Retype the lines below exactly, but only those from the line that has "Iphan Nacional" through the line that has "Štefan Šlachta a". Omit every picture.

◆ **Exercise materials**

————

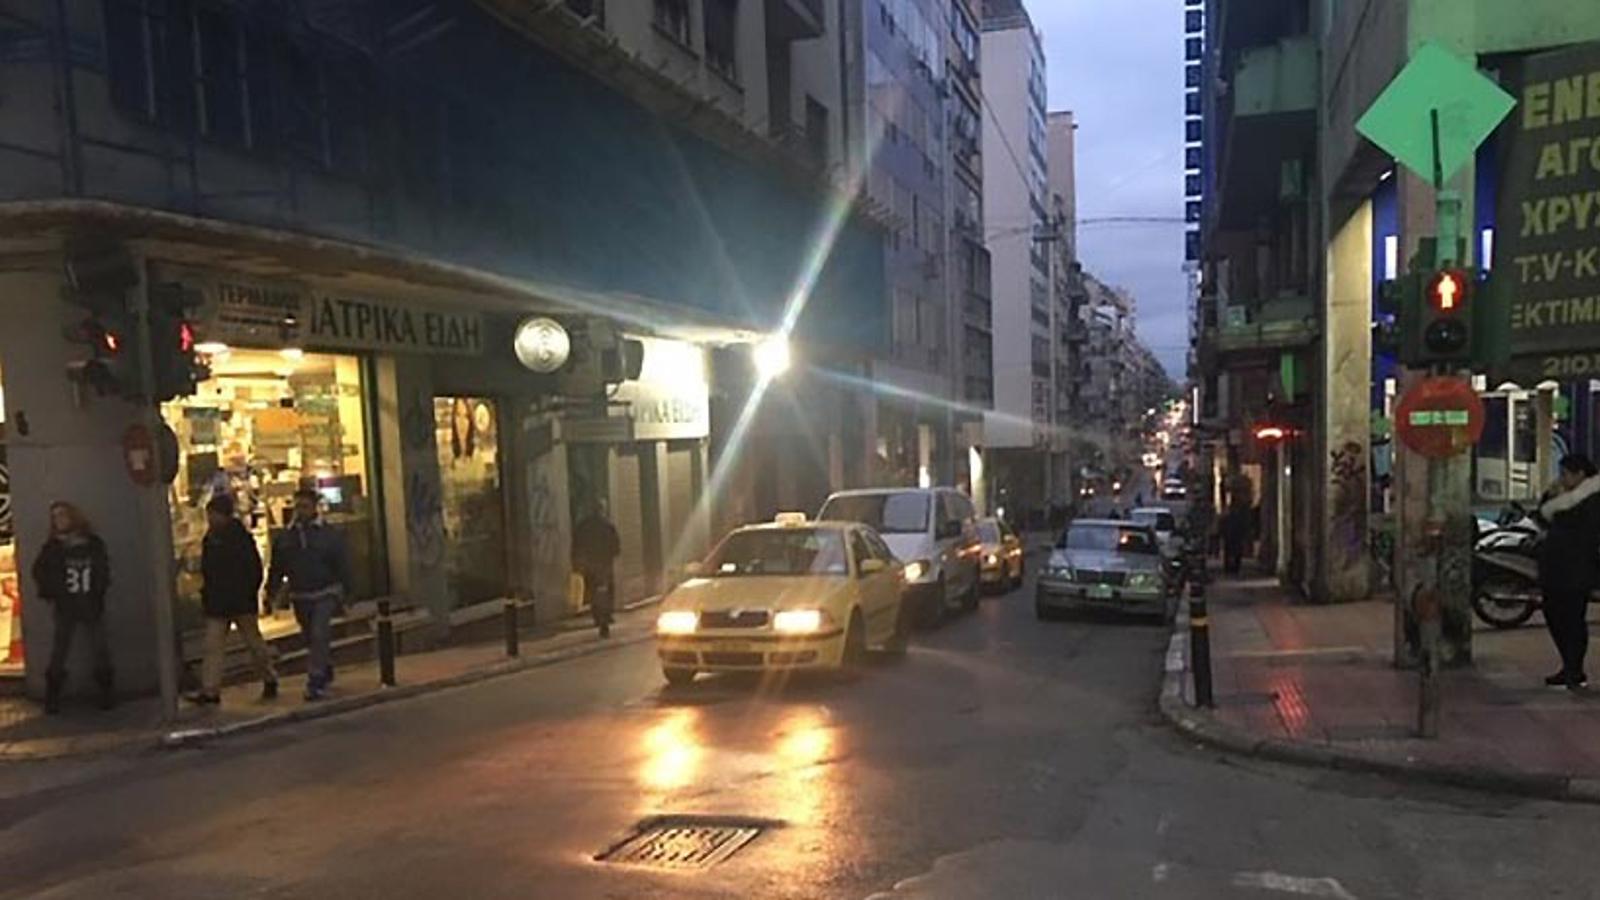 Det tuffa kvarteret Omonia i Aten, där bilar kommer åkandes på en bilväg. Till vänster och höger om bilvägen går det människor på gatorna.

————

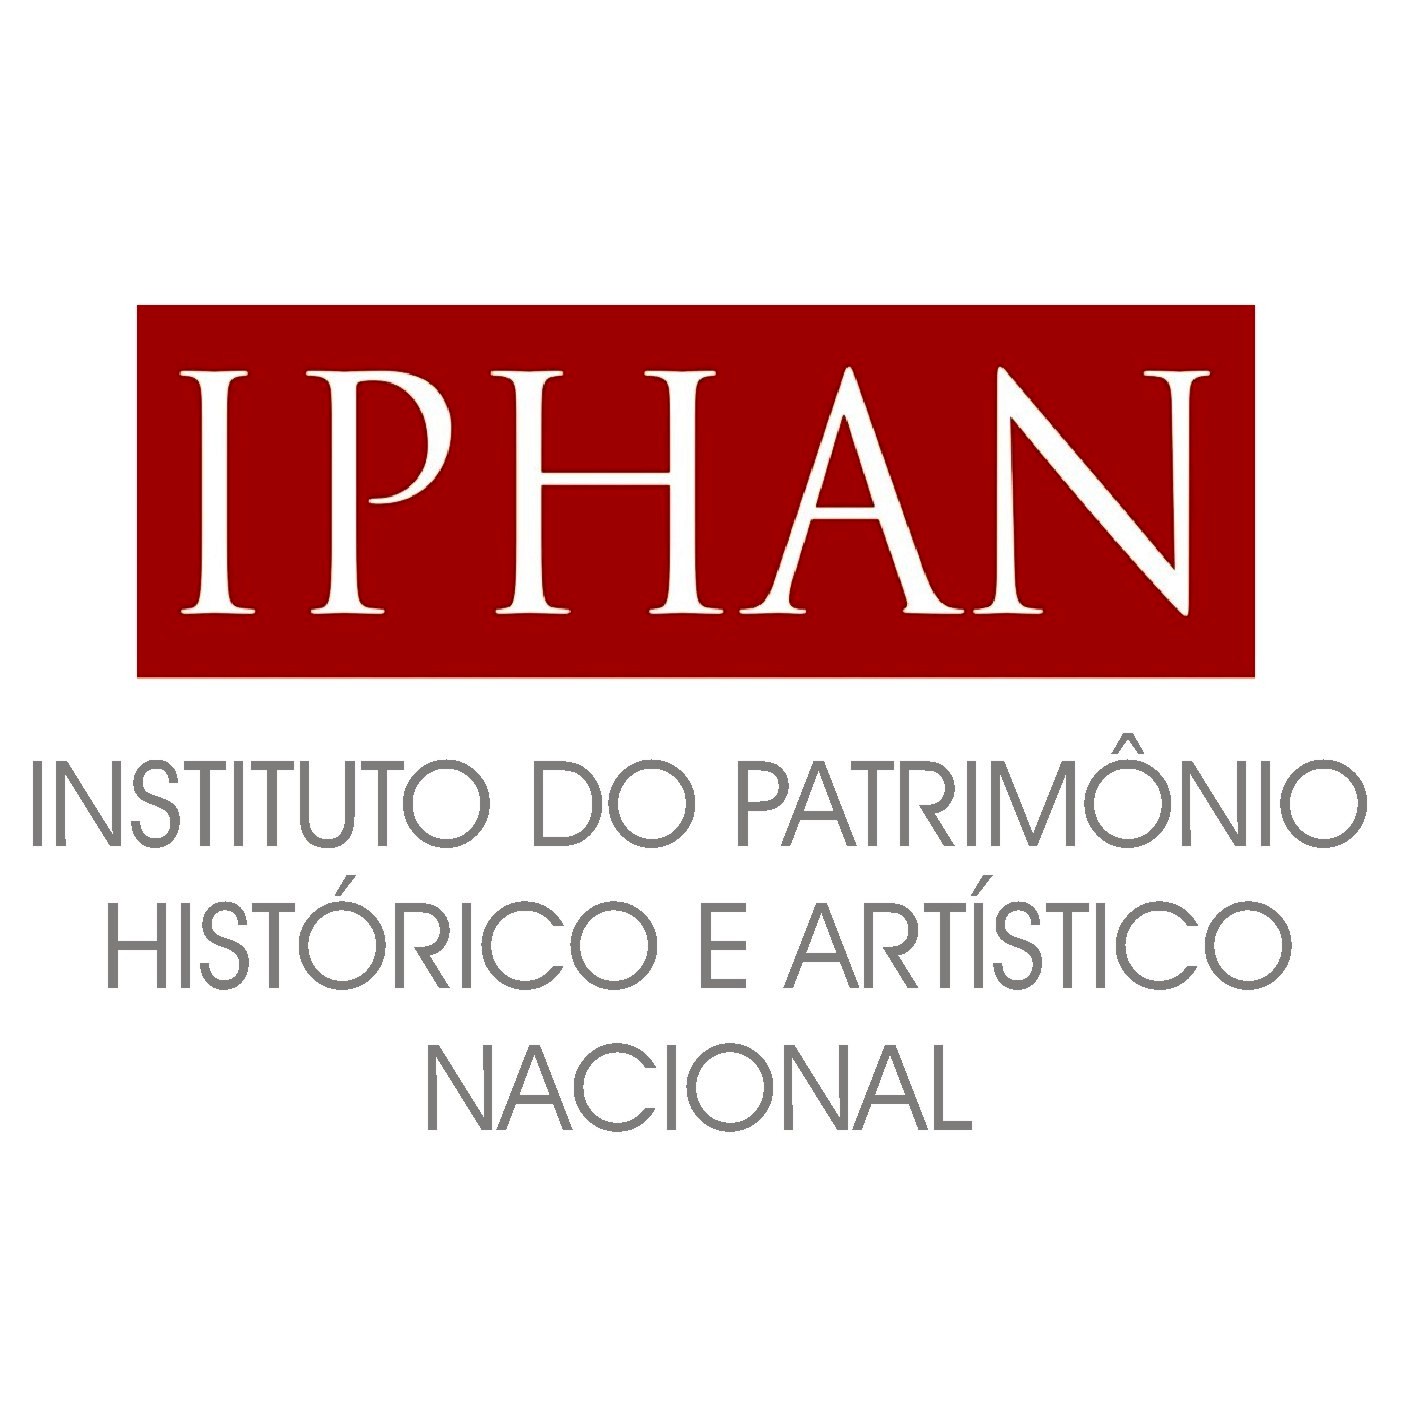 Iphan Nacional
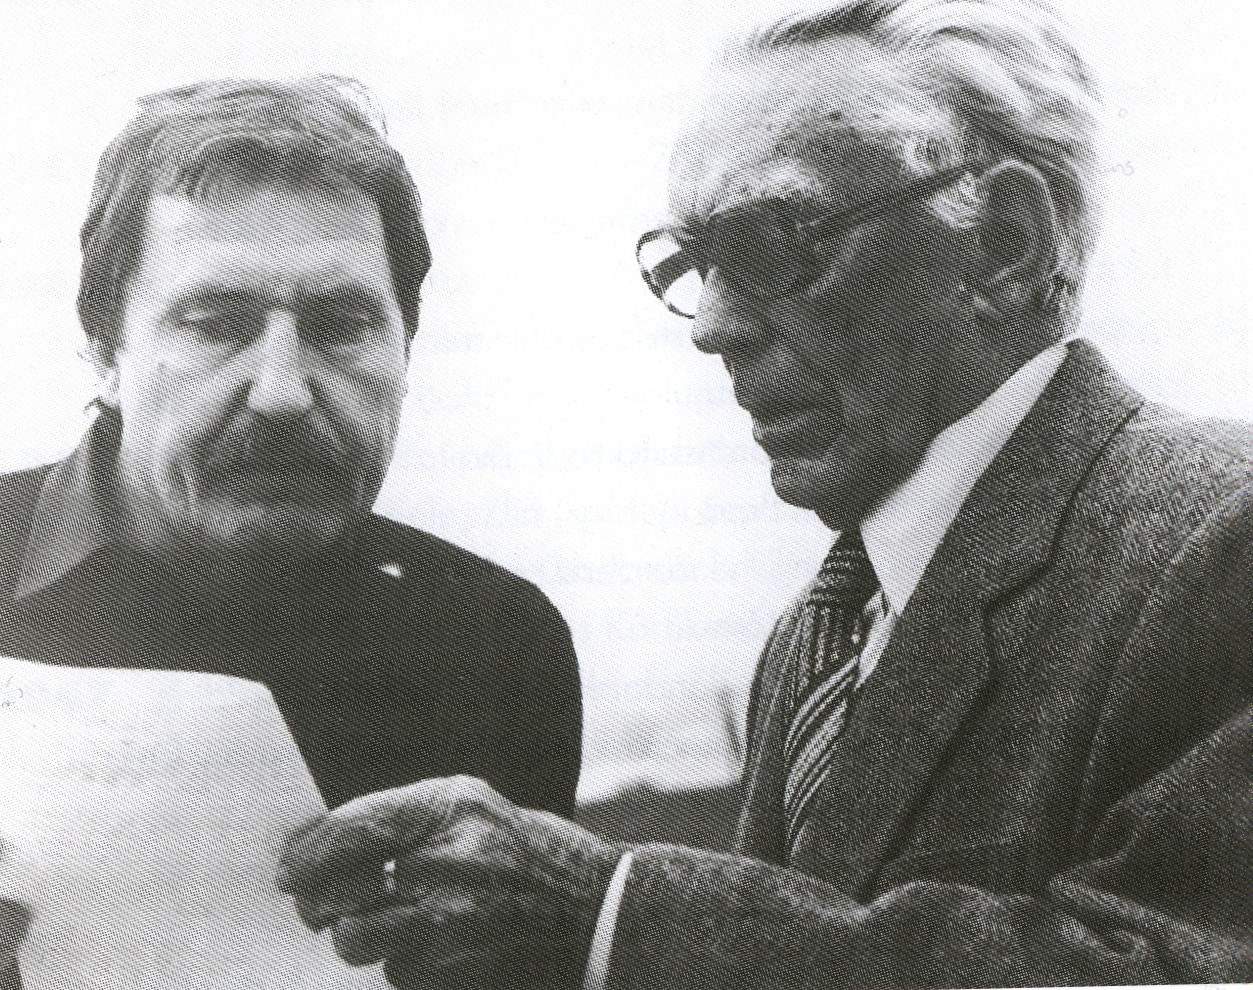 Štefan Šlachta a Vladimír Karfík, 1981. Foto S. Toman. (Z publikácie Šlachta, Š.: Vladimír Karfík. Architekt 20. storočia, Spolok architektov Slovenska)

————

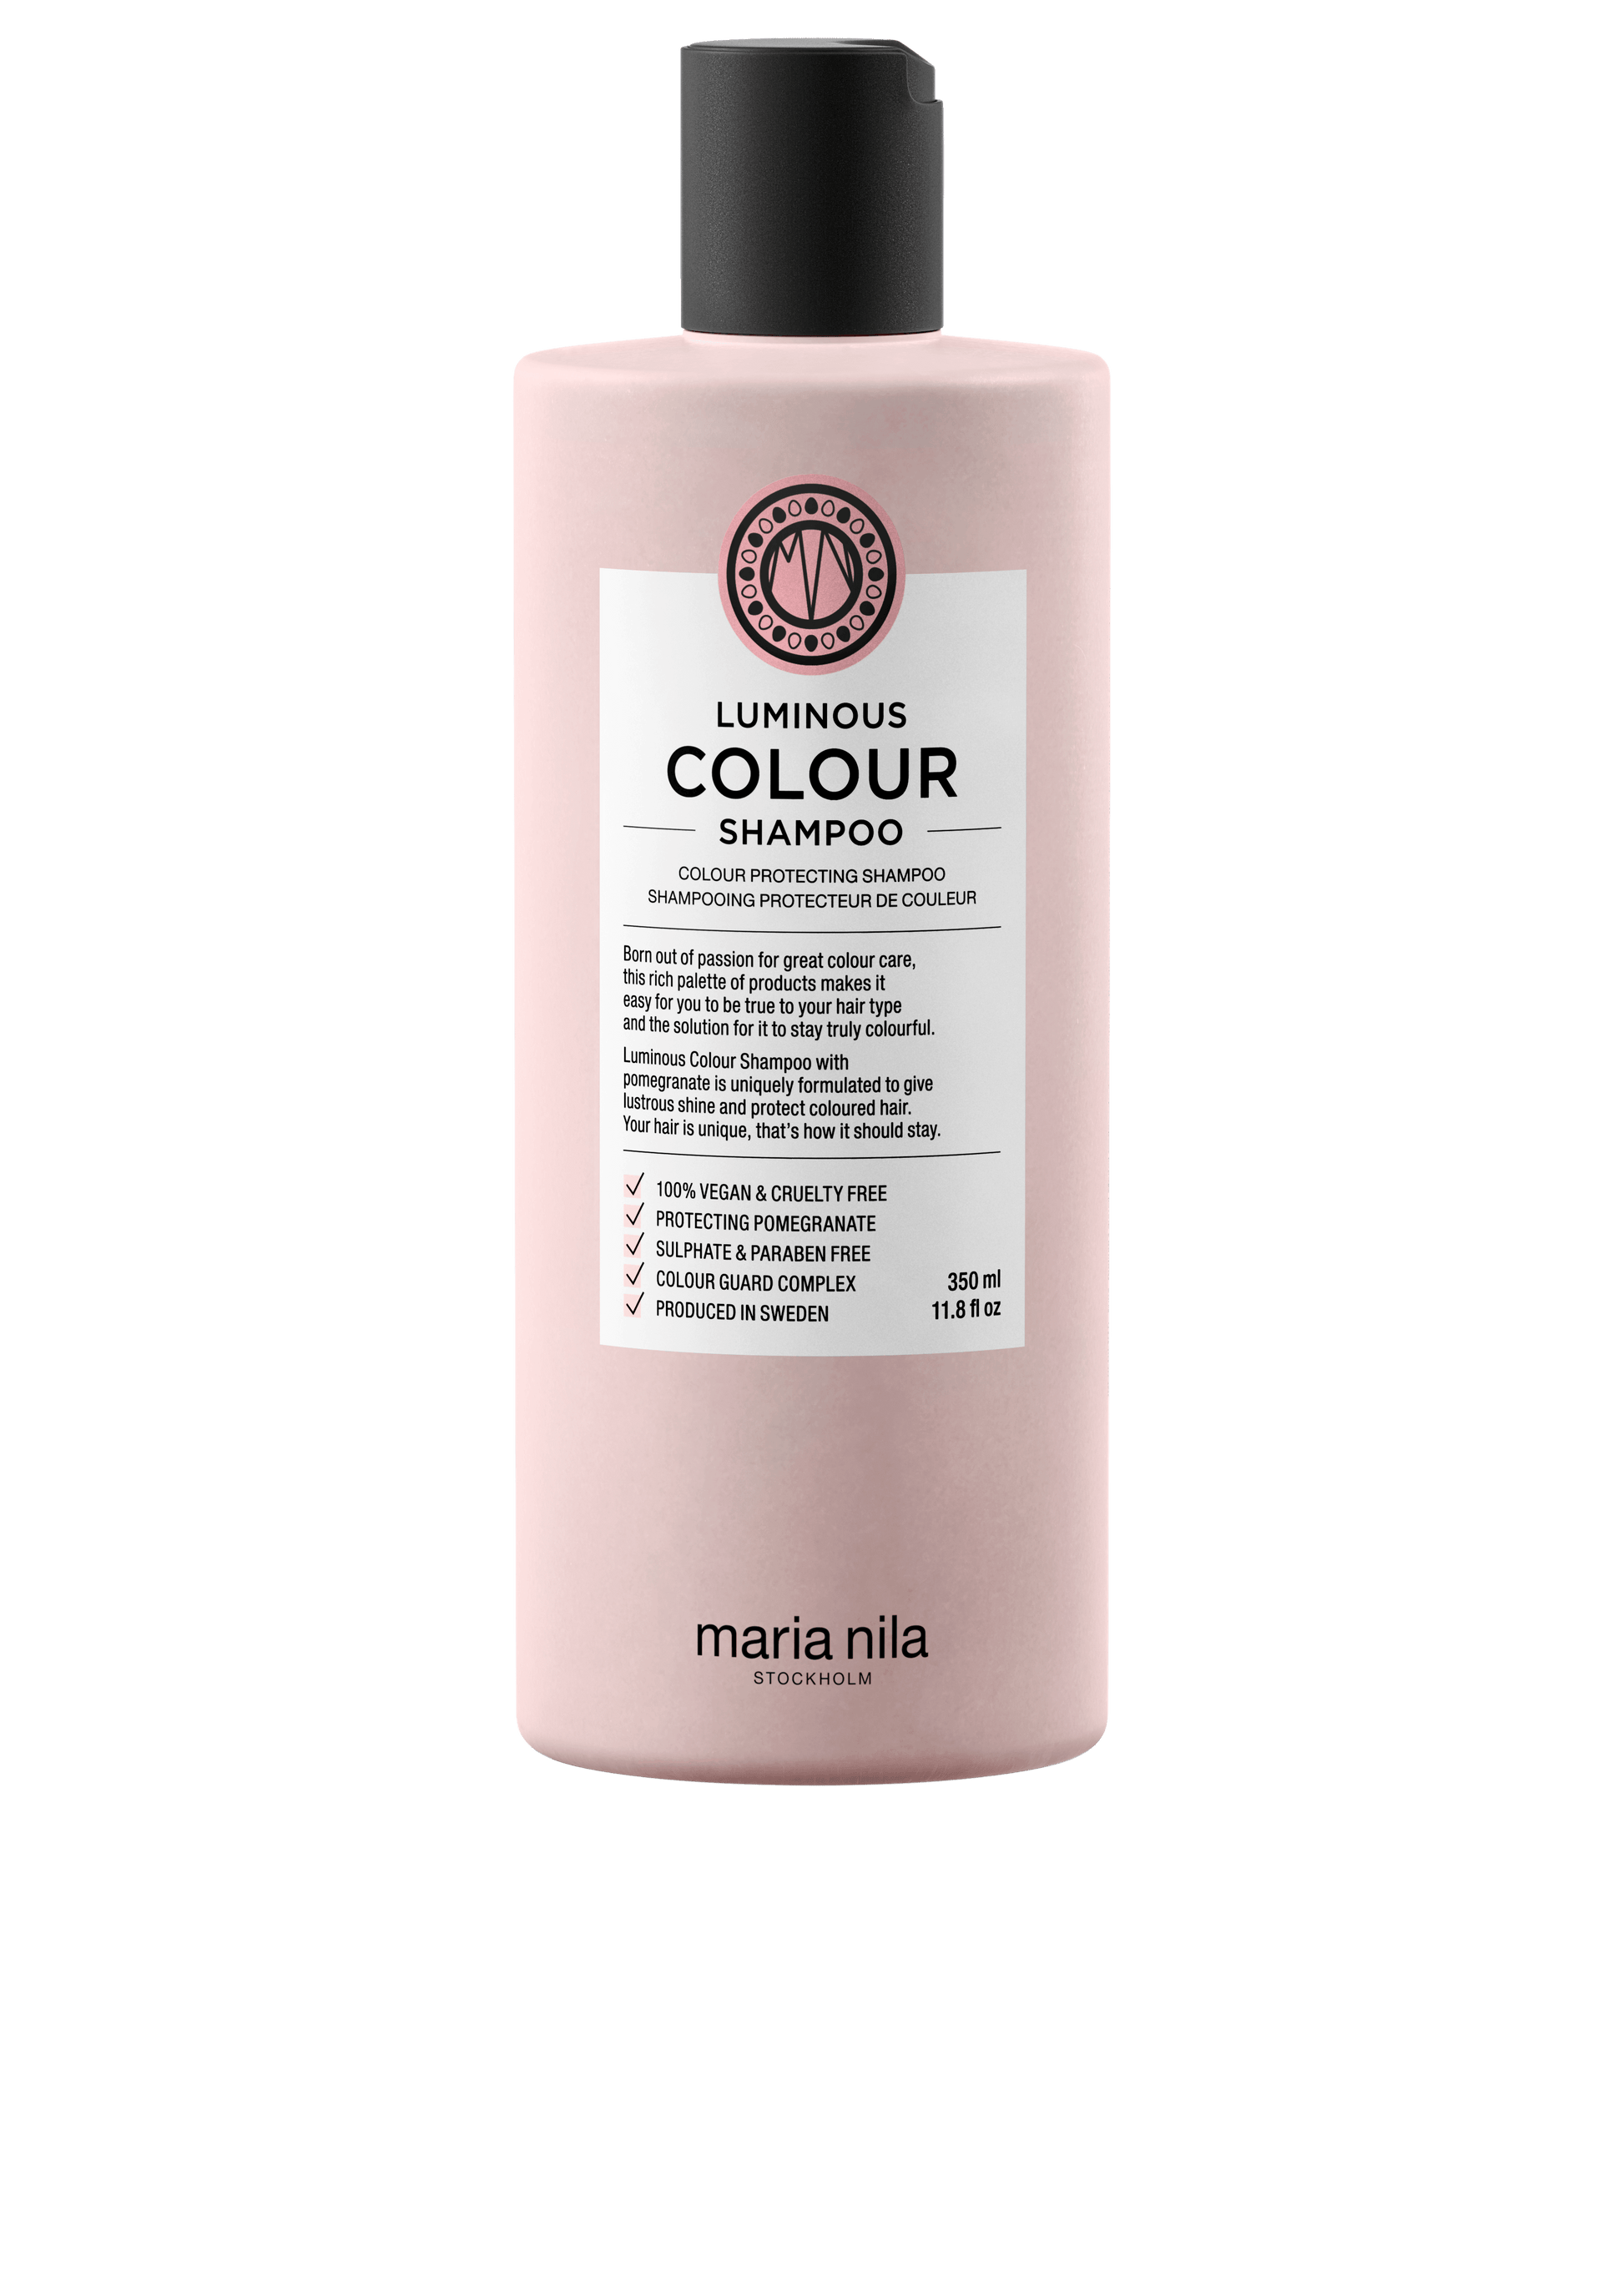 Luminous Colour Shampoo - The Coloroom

————

◆ **Your response**
 Iphan Nacional
 Štefan Šlachta a Vladimír Karfík, 1981. Foto S. Toman. (Z publikácie Šlachta, Š.: Vladimír Karfík. Architekt 20. storočia, Spolok architektov Slovenska)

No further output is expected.